I have this project where I hook some Windows functions (GetOpenFileNameA, GetOpenFileNameW, GetSaveFileNameA, GetSaveFileNameW) with MHook library. This is the code I use to install the hooks.
for(size_t i = 0; i < FunctionsCount; ++i)
{
HMODULE hModule = GetModuleHandleA(Function[i].ModuleName);
//[1]
if( !hModule )
return FALSE;
*Function[i].Original = GetProcAddress(hModule, Function[i].Name);
if(*Function[i].Original == NULL)
return FALSE;
if(!Mhook_SetHook(Function[i].Original, Function[i].Hooked))
return FALSE;
}
It is called from DllMain on DLL_PROCESS_ATTACH reason.
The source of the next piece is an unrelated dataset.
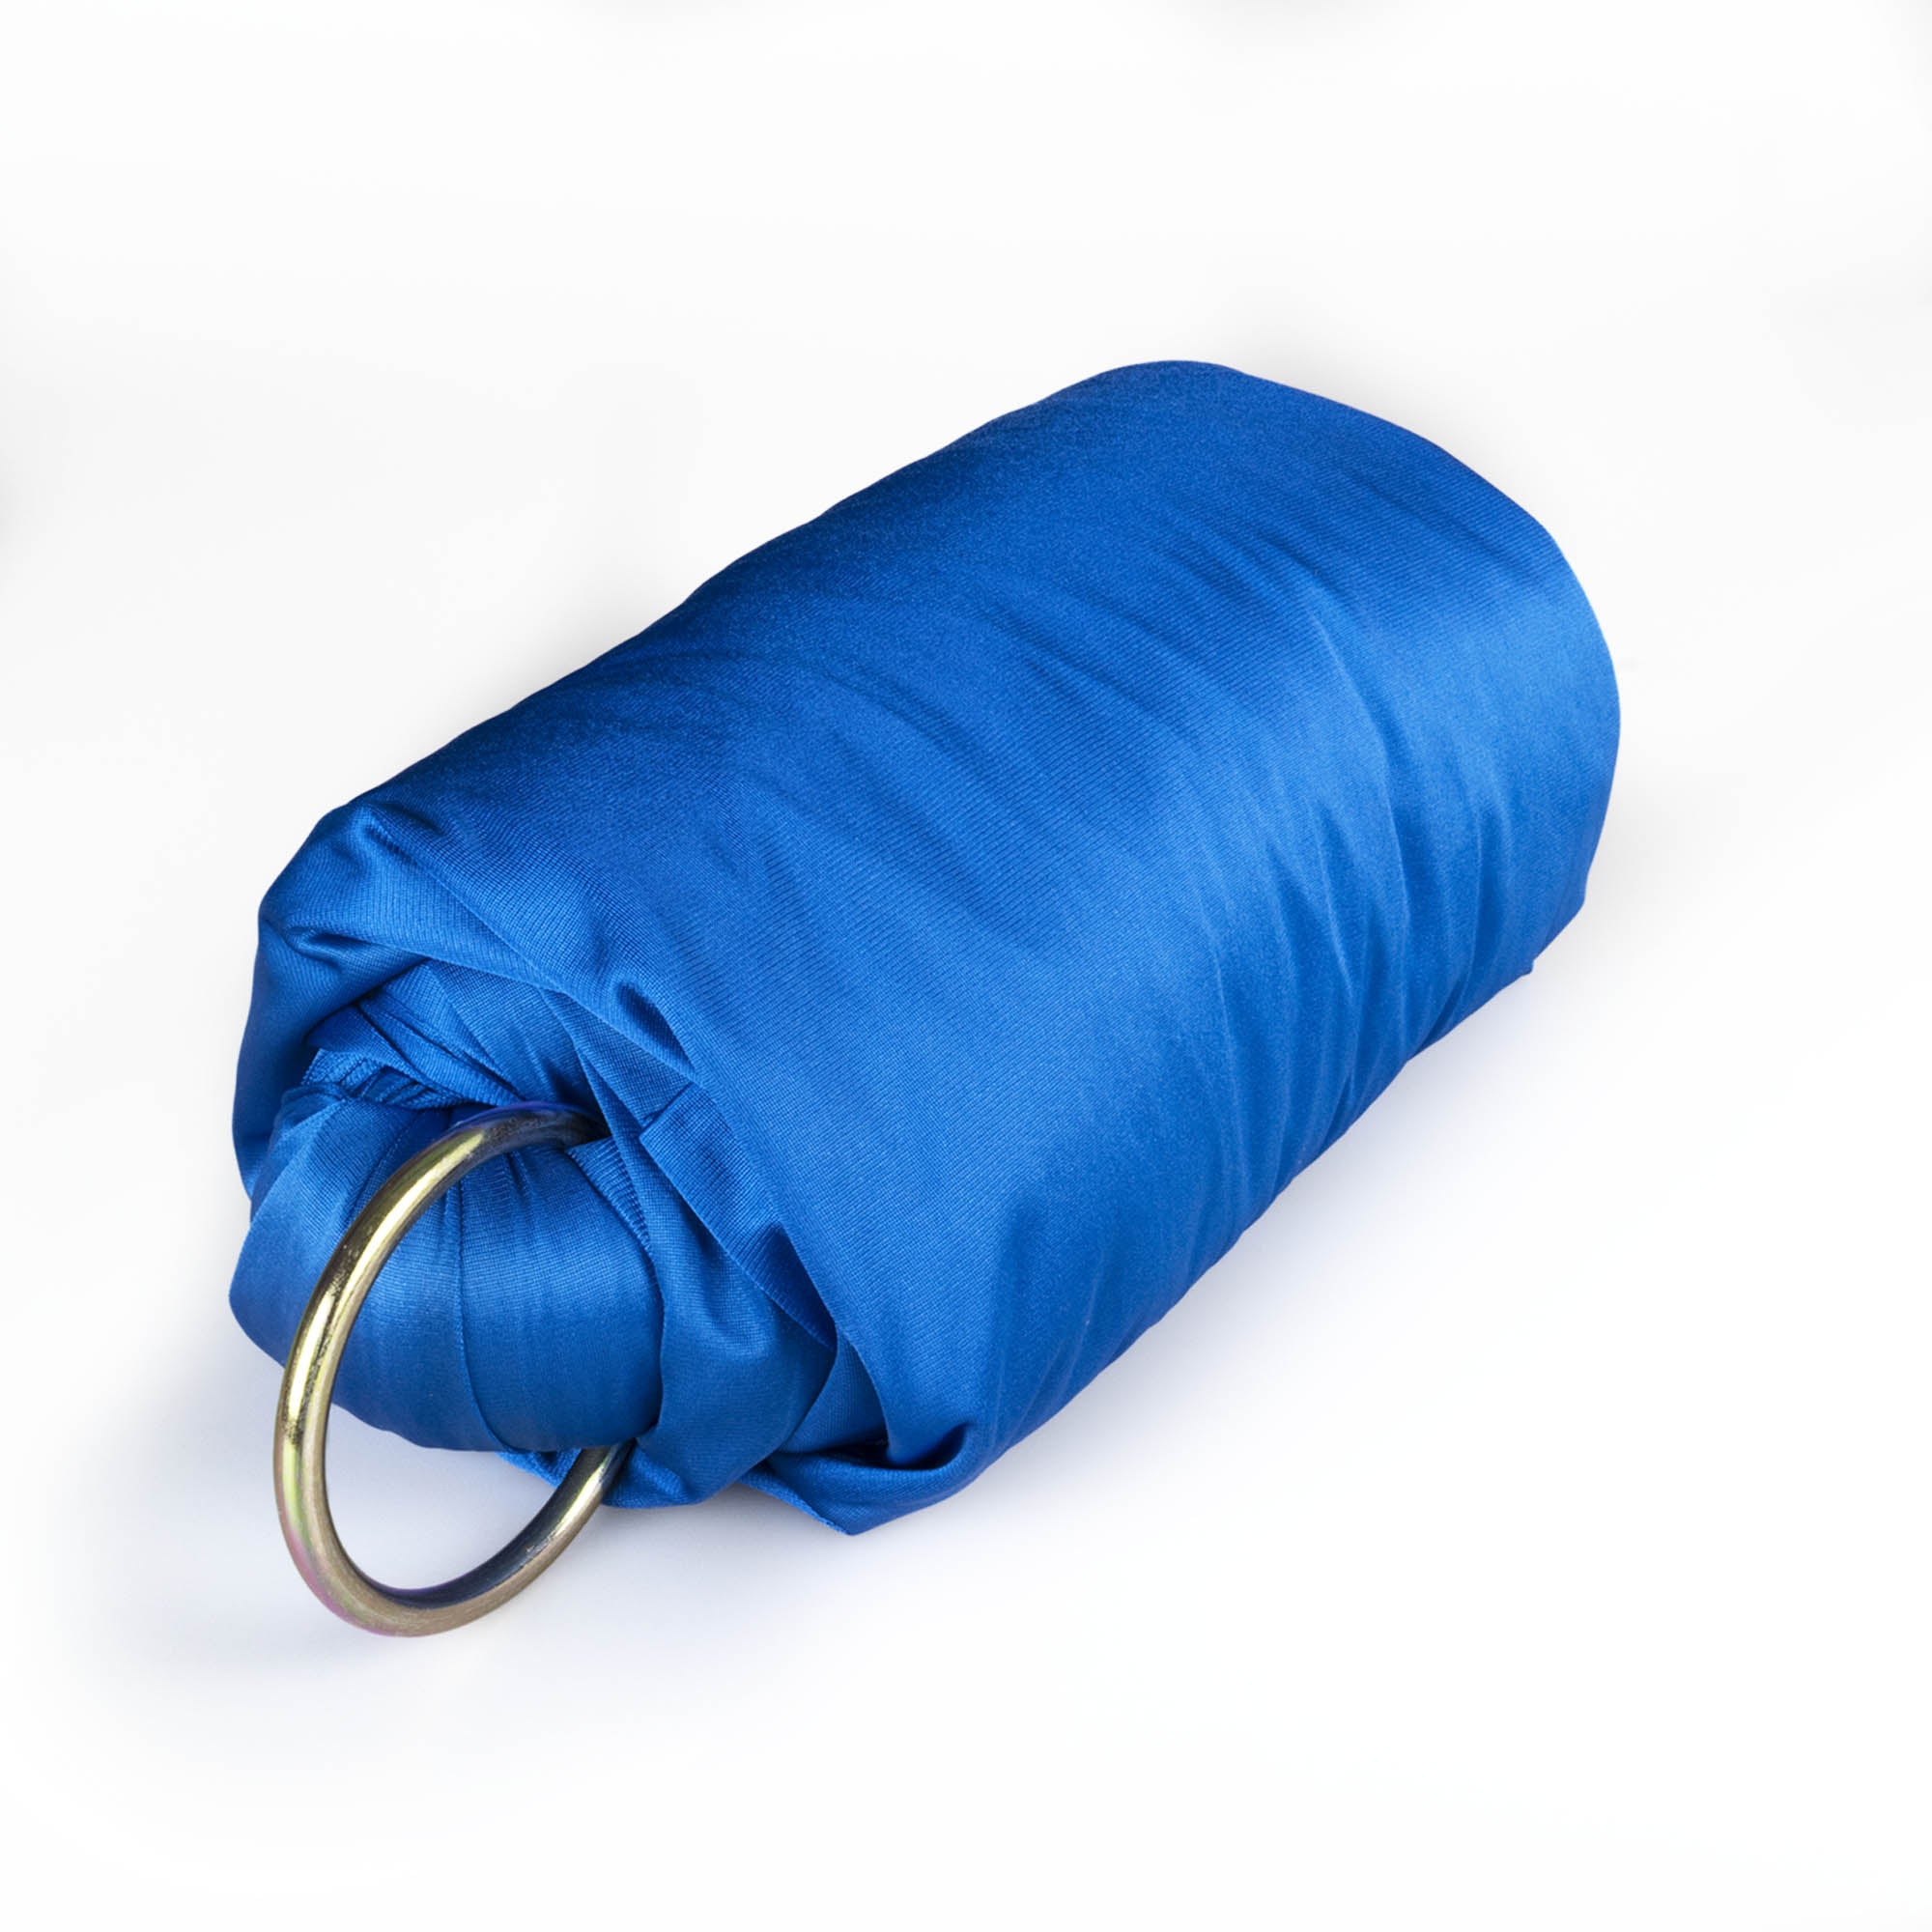 Royal blue yoga hammock rolled up with ring attached

Now, when I inject my Dll using the CreateRemoteThread approach it works pretty well, but when I want to set up the system-wide hooks using LoadAppInit_DLLs mechanism my hooks doesn't works. After hours debugging I found that the reason is that my Dll is loaded BEFORE comdlg32.dll (which is the module where these functions are), and then the statement [1] returns false, then my Dll is not loaded.
The solution I've so far is to call LoadLibrary if [1] returns false.
HMODULE hModule = GetModuleHandleA(Function[i].ModuleName);
//[2]
if( !hModule )
{
LoadLibraryA(Function[i].ModuleName);
hModule = GetModuleHandleA(Function[i].ModuleName);
}
I've found many site where is said this is evil and I agree (even when works fine). Also if a process doesn't use common dialogs at all I'm hooking functions that will never be called.
If anybody could help, maybe a workaround or an explanation of another way to set-up global hooks it will be appreciated. Thanks in advance
解决方案
You need to hook LoadLibraryXXX functions and after successful their execution check whether your module has been loaded (calling GetModuleHandle) and hook it if it is loaded.
Also it is a good idea to pin hooked dlls so they are not unloaded anymore.